I Interview Playwrights Part 668: Ross Howard



Ross Howard

Hometown: Wigan, Lancashire (UK)

Current Town: London

Q:  Tell me about Picture Ourselves in Latvia.

A:  Well, it’s billed as a contemporary comedy on contemporary England. Where “Desires are suppressed and aspirations muddled for both the staff and patients of a psychiatric ward. Rank and rule clash with what the heart and mind want in this environment of division and distraction”. And that pretty much nails it. People should still go though because I haven’t given too much away there. I always liked how Lorca depicted Spain in THE HOUSE OF BERNARDA ALBA. That’s not all he achieves in that play, but I remember his example, in particular, and the aspect of an environment with a sort of metaphorical framework having a lasting impression on me. So that was my starting point or seed if you like. It’s about some men and some women living among one another and all the inner and outer noise and physical and mental confines that come with that. And if we’re going to be even broader about it, it’s about England. Maybe the New York audiences will think “And America too probably”. And I could see that, having spent some time there. Anyway, that’s my play. You’ll have to see what the relevance of Latvia is. I’ve also been told it’s very funny. I should mention that. It’ll be my third collaboration with the brilliant Sarah Norris. Sarah directed the New York production of my play ARTHUR AND ESTHER back in 2007 and last year with the company she co-founded, New Light Theater Project, she directed my short play FRISKY & THE PANDA MAN at the Samuel French Off Off Broadway Short Play Festival. We were fortunate enough to be named one of the five winning finalists with that. So we’re looking forward to this a lot and we hope people like it.

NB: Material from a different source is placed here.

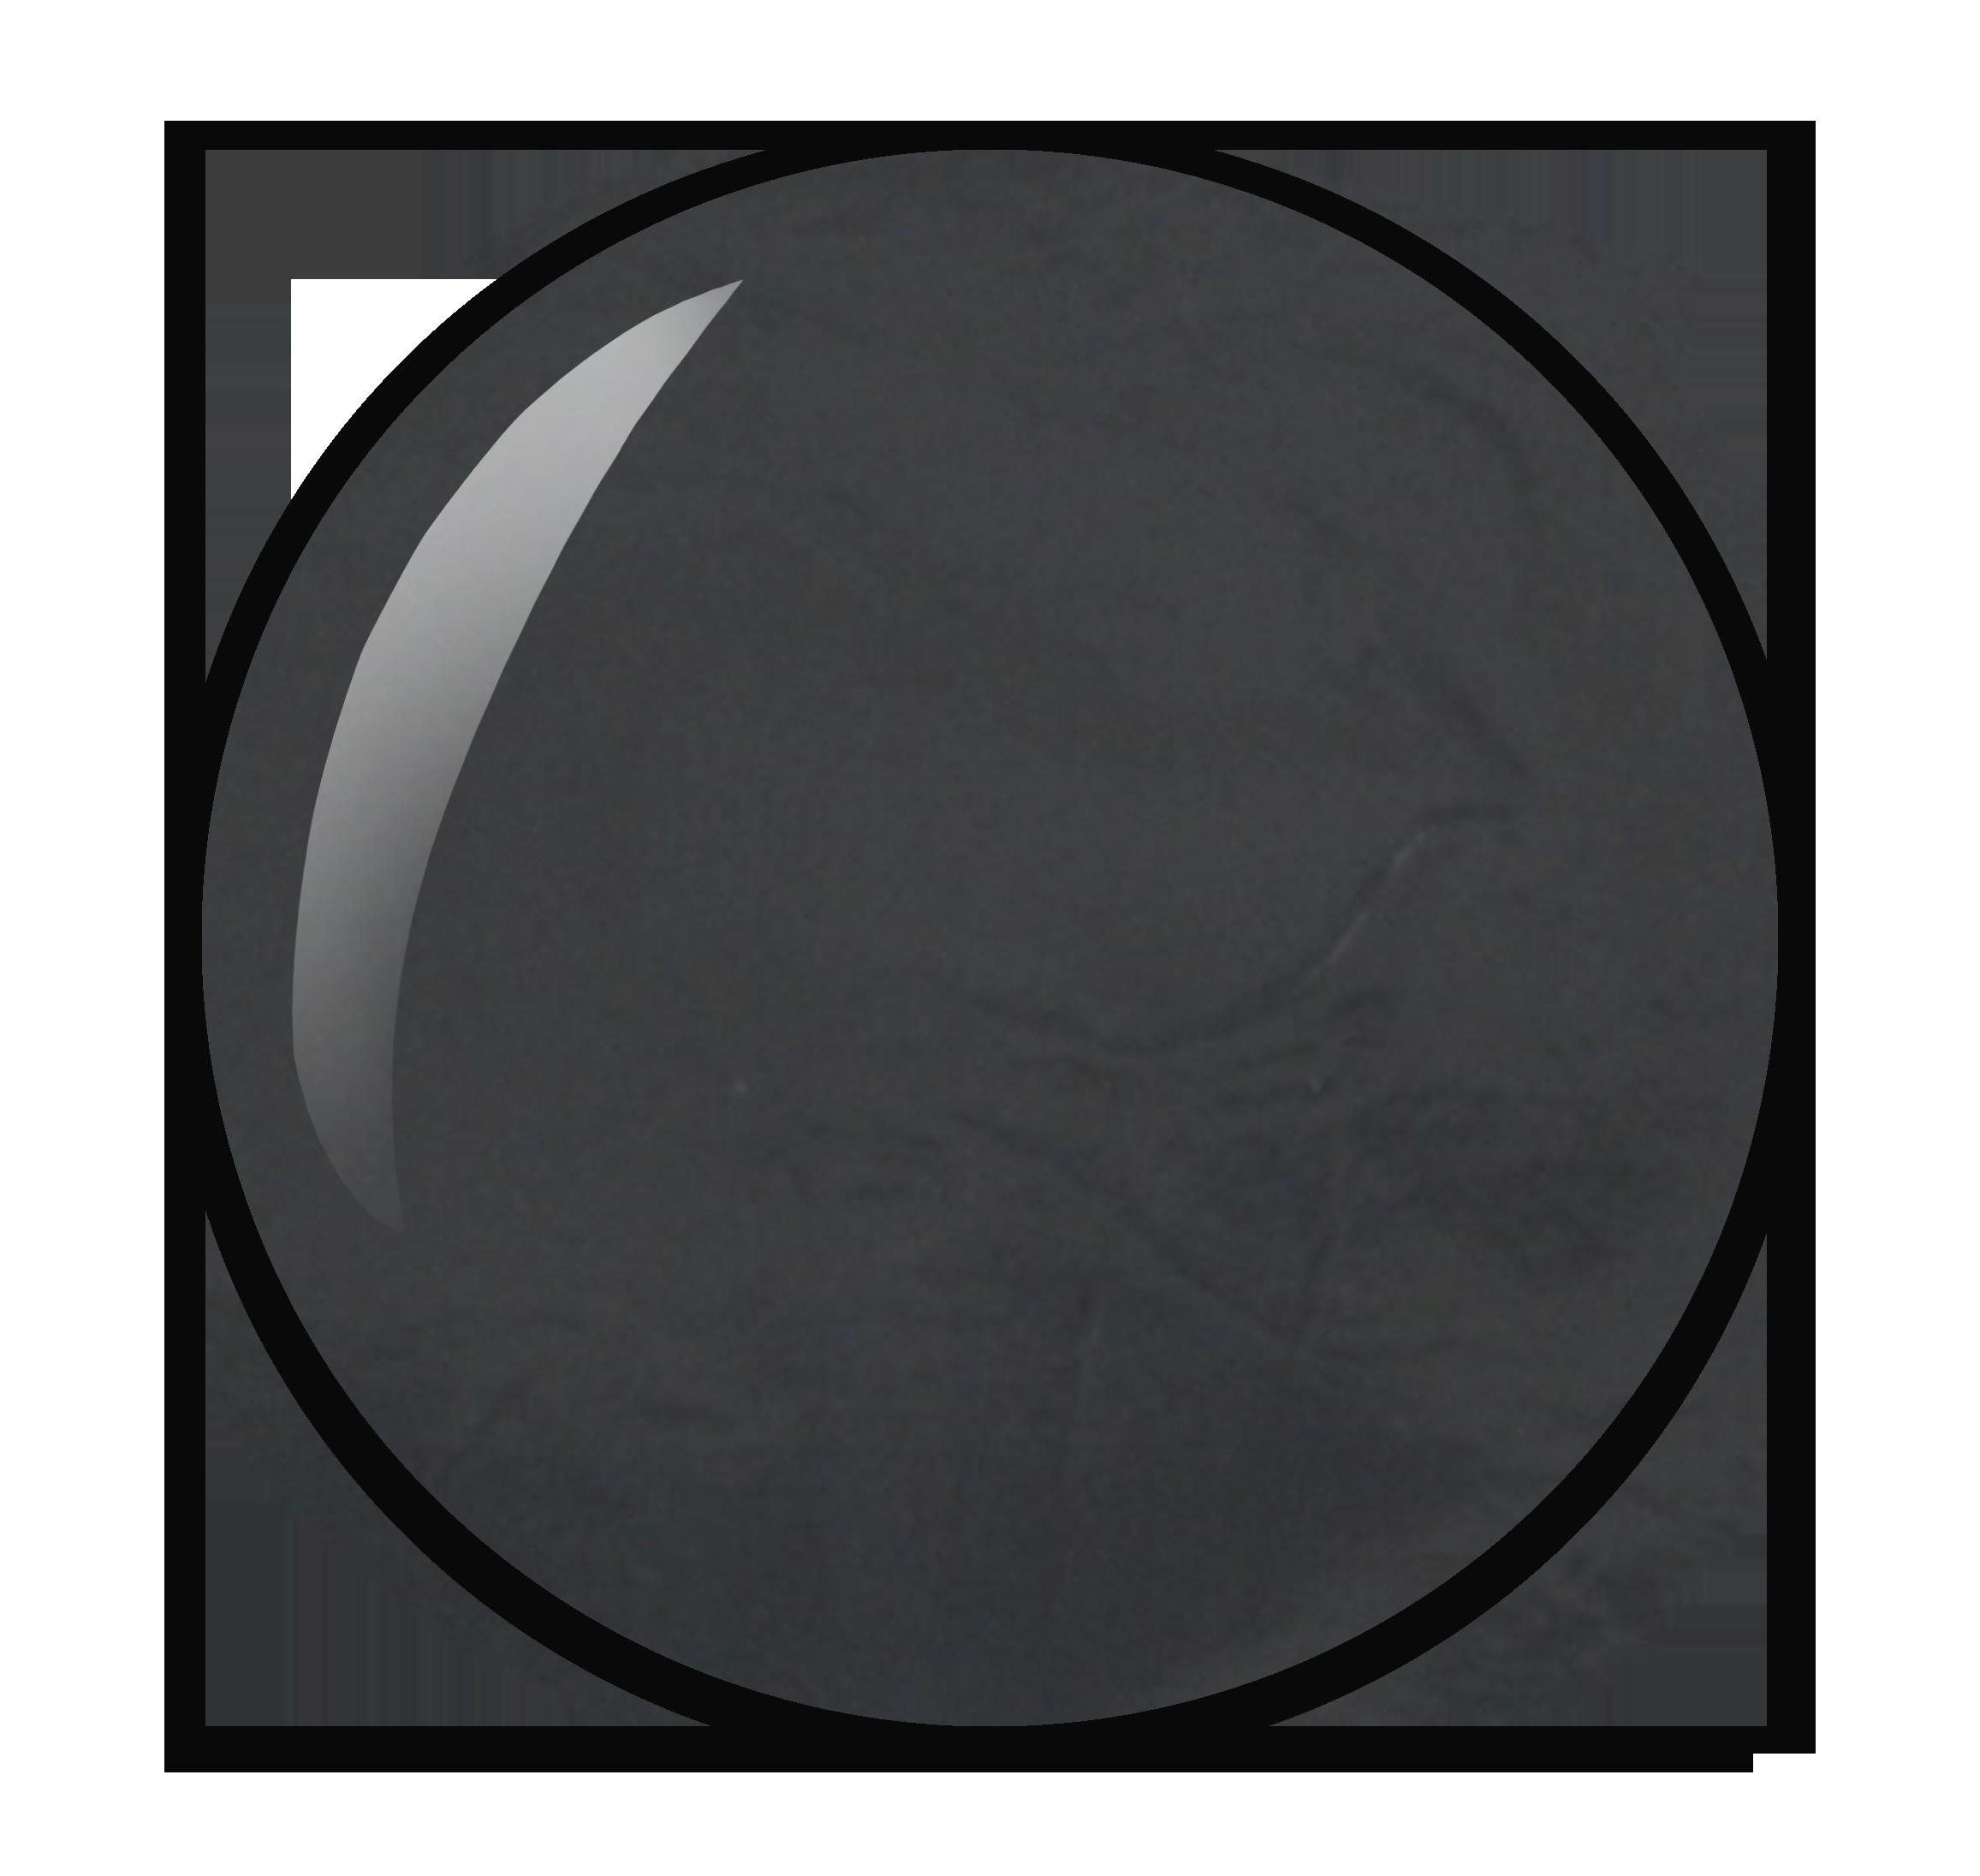 Donker grijze nagellak kleurnummer 66 uit Herôme nagellak collectie

Q:  What else are you working on now?

A:  Two things. A slightly surrealist family drama about a Latin American immigrant family in the US called HYENAS IN THE BACKYARD. All about narrative and owning memory, family, identity and all that kind of thing. Perhaps you'd call it "postcolonial".  I saw that definition the other day and it sort of fits with what I've been doing. Also the characters are predominantly female. So that’s interesting for me. The play’s been knocking about in my head for a couple of years, so it was about time I got going on it. And then I’m also working on a solo piece about a female life coach just starting out and that's entitled LET’S GET DIFFERENT (WITH TINA WINDERMERE). I'm enthused about both plays and I'm optimistic they’ll both be ready by the end of the year

Q:  Tell me, if you will, a story from your childhood that explains who you are as a writer or as a person.

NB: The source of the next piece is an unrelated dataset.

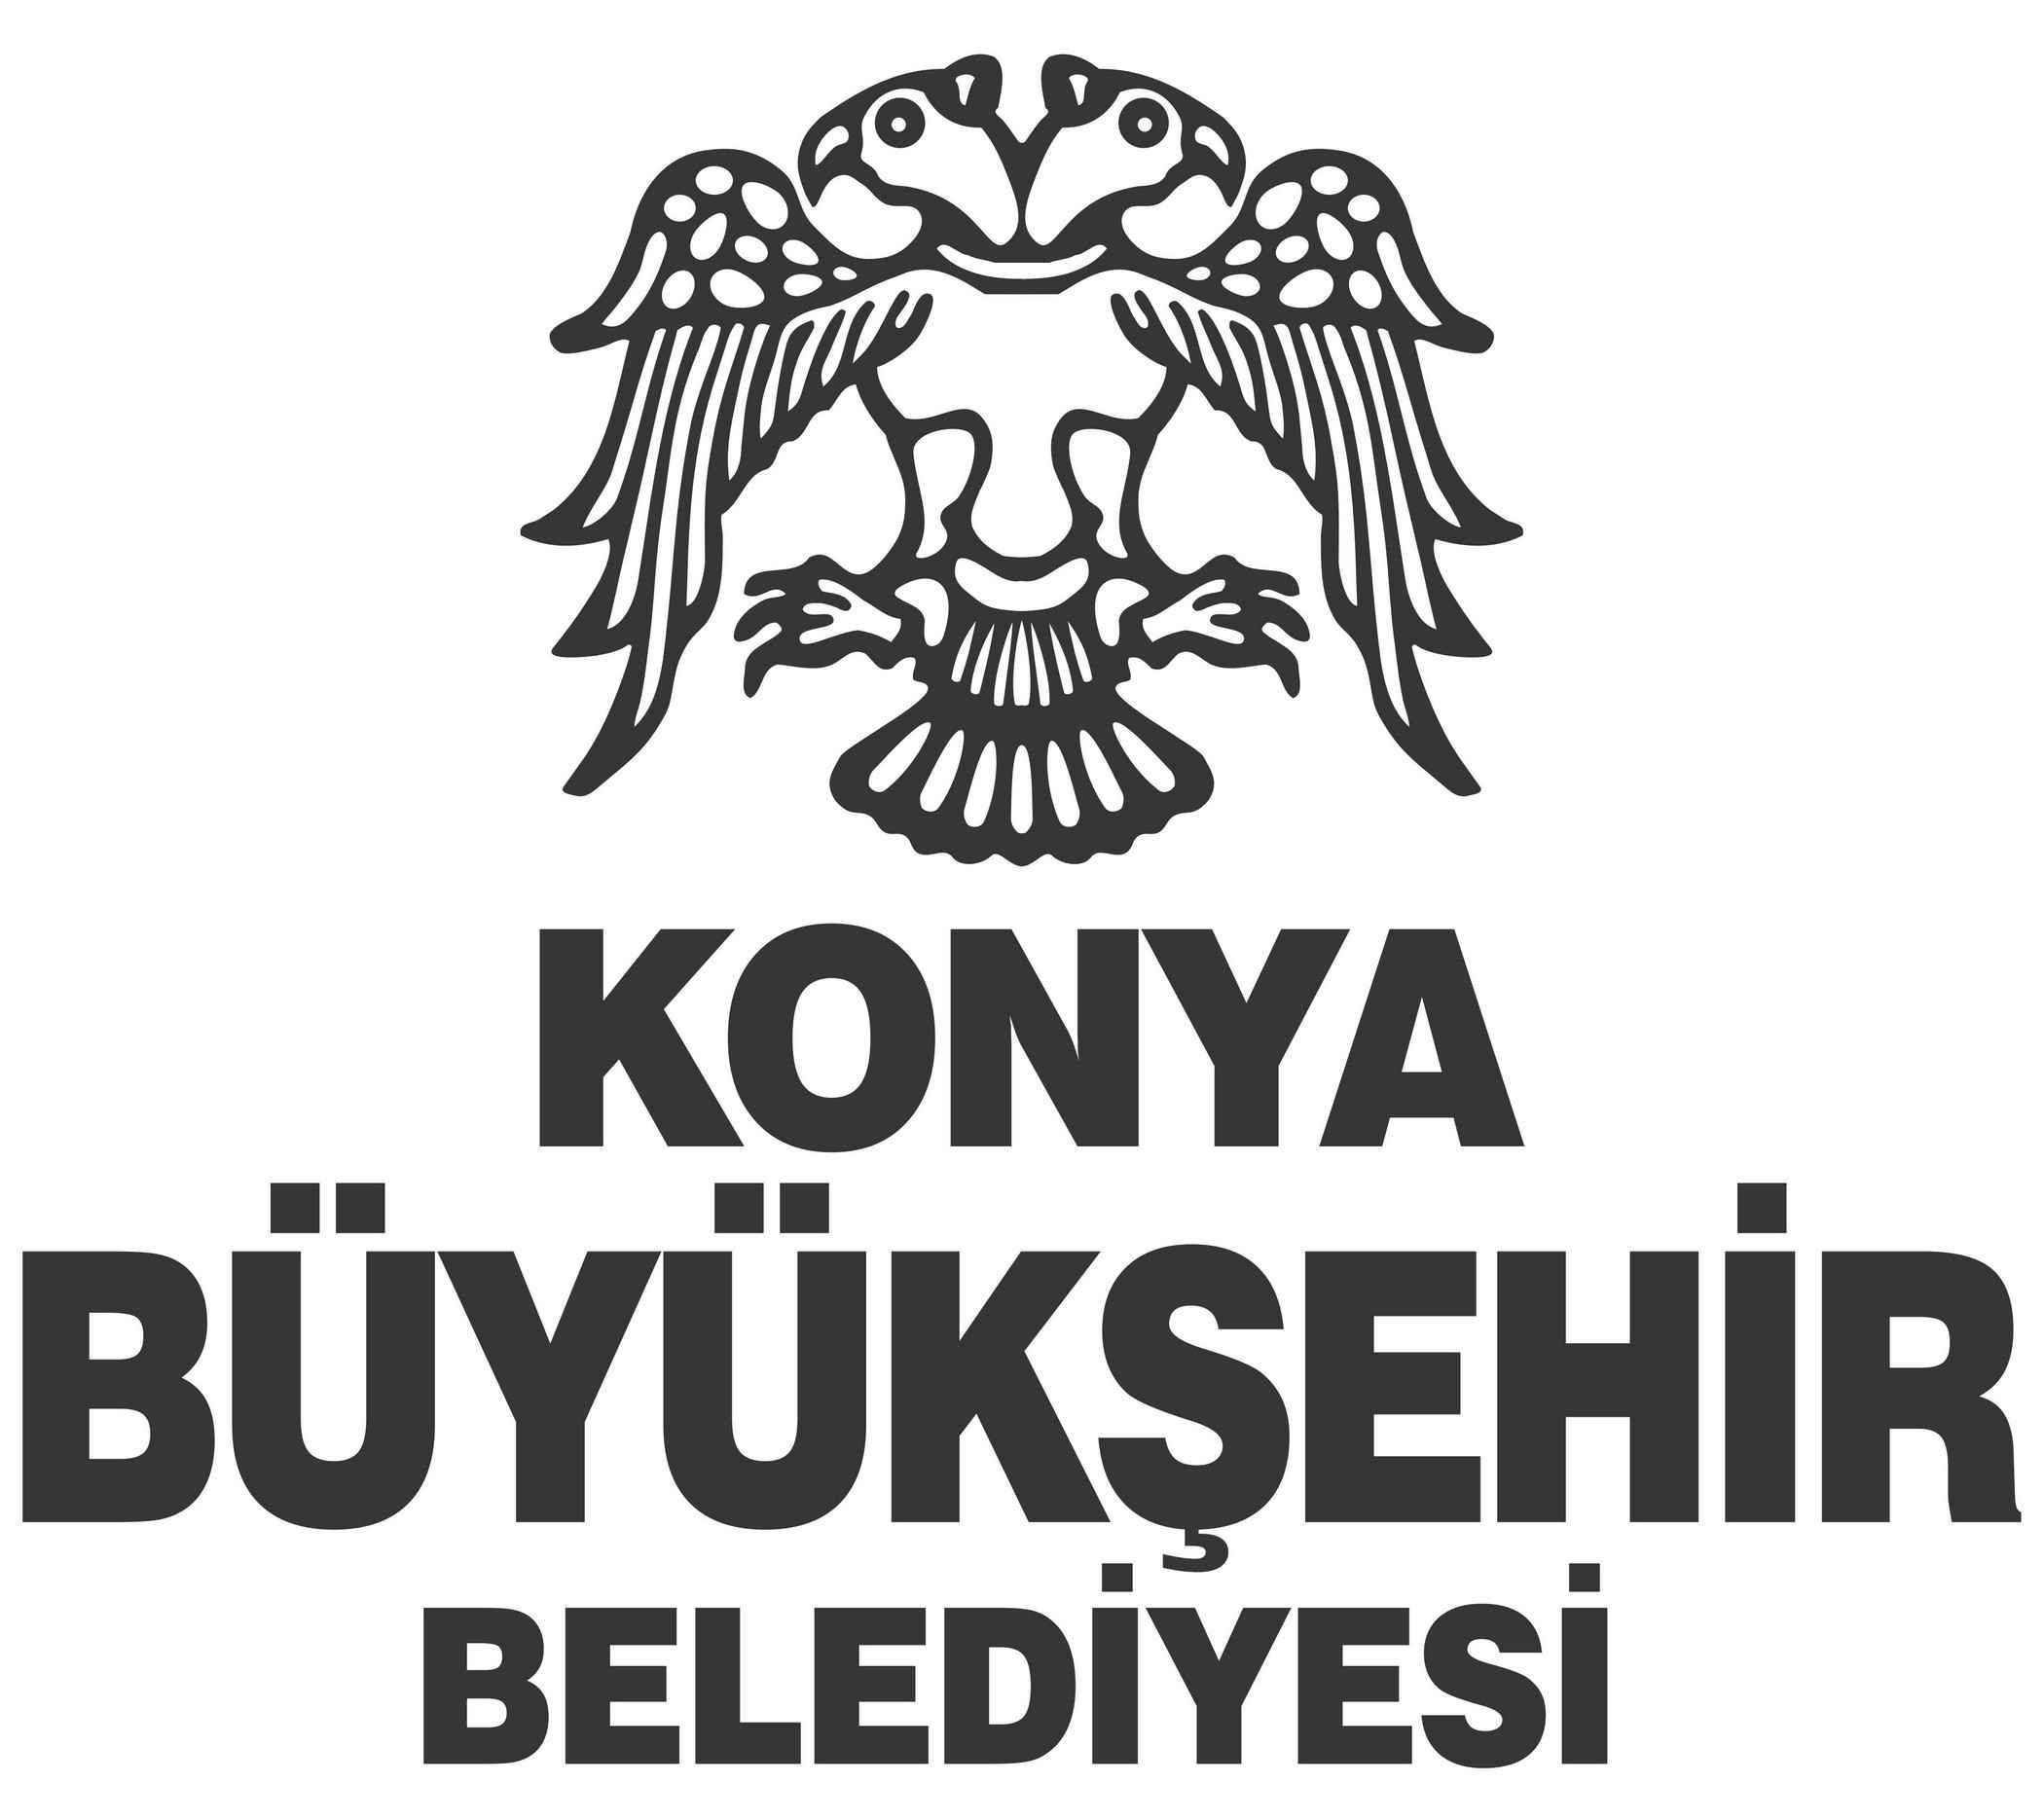 konya-buyuksehir-belediyesi-logo

A:  It’s not a story per se, but growing up in England, where by comparison people don’t directly say what they really want to say, means you’re sort of born into the task of trying to figure out what the hell it is people want you to do, or not do, or you are trying to decipher what they want for themselves. It’s a pretty good grounding for writing for the stage, I think. I should also add that moving to the US in my 20s and living among Americans, as I did for a time, gave me the pathological optimism you need to make playwriting some sort of vocation, despite all its obstacles. That might not be quite what you're after but I think that combination explains why I’m a playwright today.

Q:  If you could change one thing about theater, what would it be?

A:  It’s a shame it’s too expensive to put on plays. On the whole, theatre needs considerable funding, and then on a certain level, the need for funding perhaps influences the content of the work that would attract funding. And then we get into this business of social initiative-led work (not as a whole a bad thing) or where a play’s topic seems a little more important than the quality of the work. I’m assuming that’s the reason behind a lot of poorer stuff we see anyway. I like to give people the benefit of the doubt here. But we've all got to find ways around this and I'm sure the smart people out there will find them.

Q:  Who are or were your theatrical heroes?

A:  I admire a lot of playwrights, and I have to say most are American, so congratulations on that front. But if you’re going to use the word “heroes”, then Chekhov and Arthur Miller in particular stand out. They both wrote with a great conscience and compassion but neither one of them were afraid of throwing their characters under a bus when it came time to. I think those are good principles to write plays by.

Q:  What advice do you have for playwrights just starting out?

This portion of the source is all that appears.